Enjoyed by people of all ages from all walks of life, scuba diving is one of the most popular recreational sports in the world. Eerie shipwrecks, amazing marine life, and beautiful coral reefs have become major tourist attractions in their own right. Awesome as it is, scuba diving entails some risks. It’s important to remember that every time you go underwater, you are entering a world in which you rely on your skills and equipment to survive.
Scuba Diving Risks
Some of the risks associated with scuba diving include malfunctioning equipment, drowning, arterial air embolism, and decompression sickness or DCS. Does that mean that in scuba diving is a dangerous sport? Not quite. In fact, scuba diving is considered safer than most conventional sports. Though far less likely than you might imagine, incidents of scuba diving accidents do occur. But, proper training and preparation minimize the risks. Take these precautions into consideration before you go scuba diving.
Check Your Equipment/Gear
Do not be lazy when it comes to checking your gear and equipment before scuba diving. Your survival underwater depends on your equipment. If any of your diving equipment, say your dive watch which helps you keep track of your dive underwater, is faulty, seek professional help. Do not try to fix diving equipment by yourself as you don’t have the technical know-how. It’s just safer to have a professional look at it and fix it.
Learn Dive Signals
Most divers, especially those who are intrigued by marine life are often excited by knowing the signals of various underwater species. While these are important, hand signals relating to safety are the most crucial. Ensure that you and your diving buddies learn all the important hand signals for safety purposes. This ensures that you can accurately and effectively communicate under water in case someone needs assistance.

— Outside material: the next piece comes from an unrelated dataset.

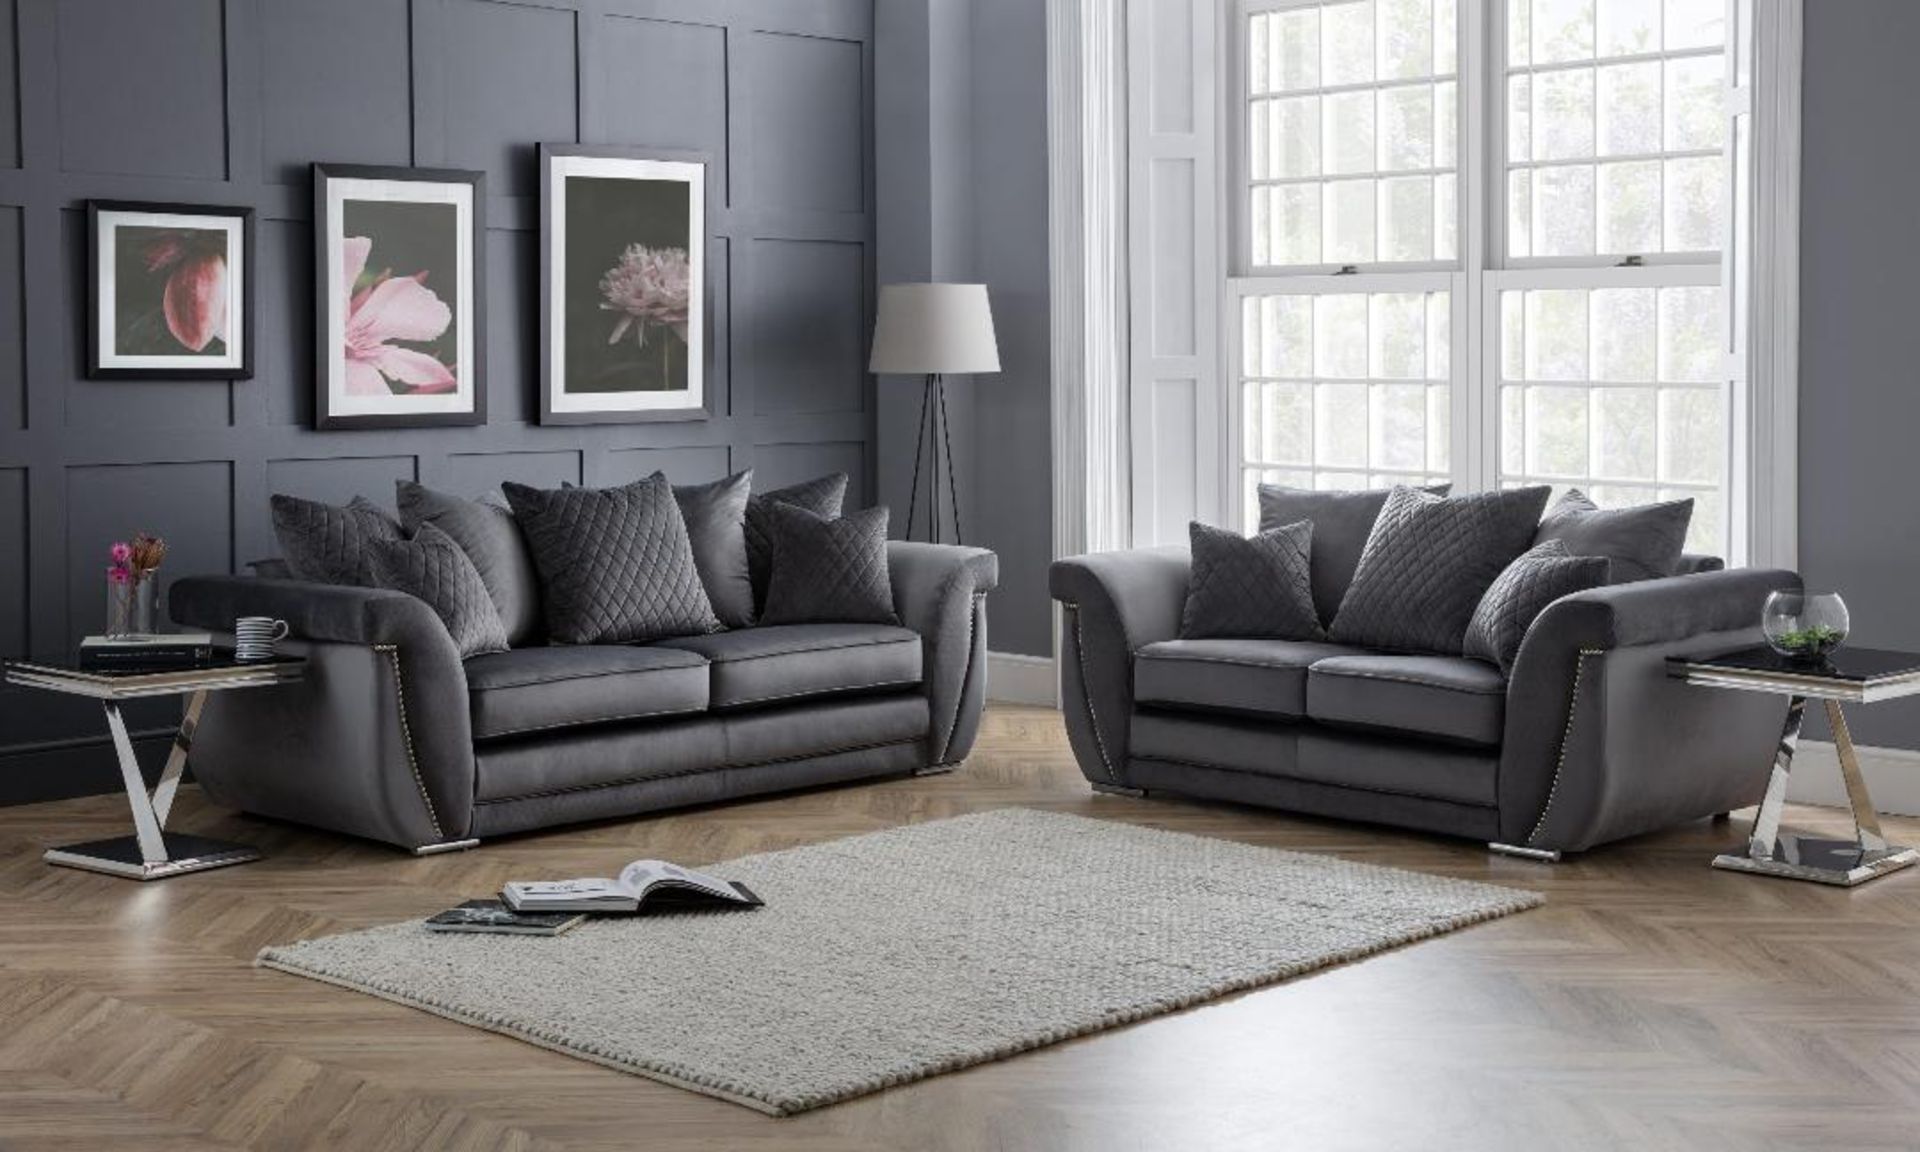 Brand new luxe 3 seater plus 2 seater fabric sofas in velvet titanium - Image 2 of 2
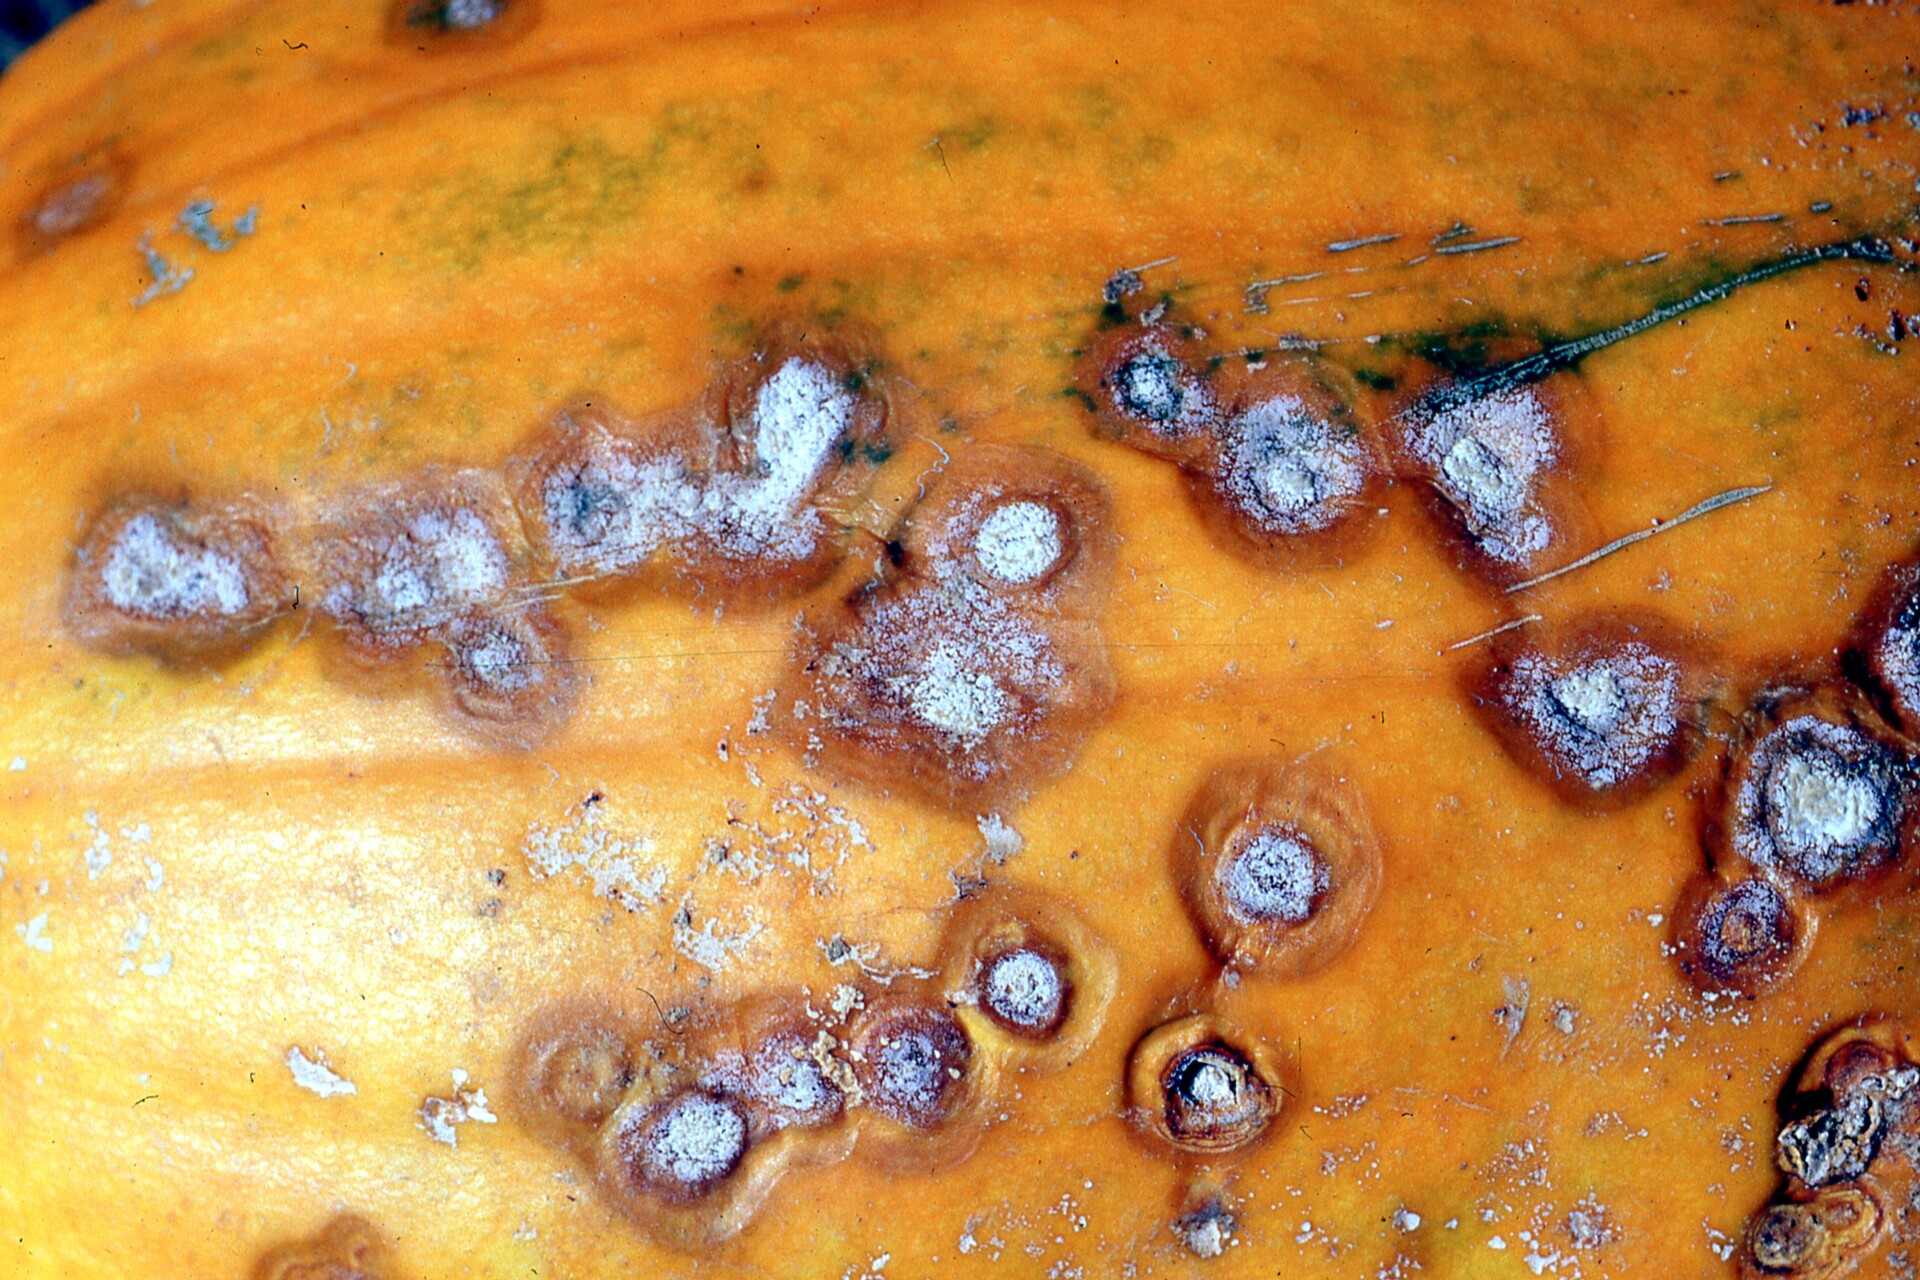 Fusarium fruit rot of pumpkin.

Staying alert during scuba diving helps to prevent diving accidents. Divers need to be alert and focused in order to dive safely. That’s why divers are cautioned not to drink alcohol 24 hours before diving. Diving with alcohol in your system is not a good idea. Also, do not dive if you are feeling hangovers or tiredness as you can’t be alert in any of these conditions.
Stay Within Your Limits
Do not dive beyond your limits under any circumstances. Scuba diving doesn’t have a place for bravado or ego; you will be putting yourself at risk by attempting something that you are not qualified for. For instance, cave diving and other forms of specialized diving require additional certification. Complete the relevant certification before you attempt such dives. If you only qualify a certain depth, do not exceed that depth.
Assess Sea Conditions
What is the current condition in your dive site of choice? You need to accurately assess the sea conditions before you dive to ensure safety. Inquire about underwater conditions and avoid potentially problematic situations such as very strong currents or extremely poor visibility. Water temperature is important too as it determines the type of wetsuit to wear. Postpone the dive if the conditions compromise safety.
When it comes to safe scuba diving, planning is vital. Check and verify that your diving equipment and gear is in a working condition a week before the dive. Make sure that everything is maintained and serviced properly. If you have a new piece of equipment, be sure to test it in a controlled environment before trying it out in a dive. Last but not least, make sure that your body is ready to dive. If you are sick or otherwise unprepared, pick another day.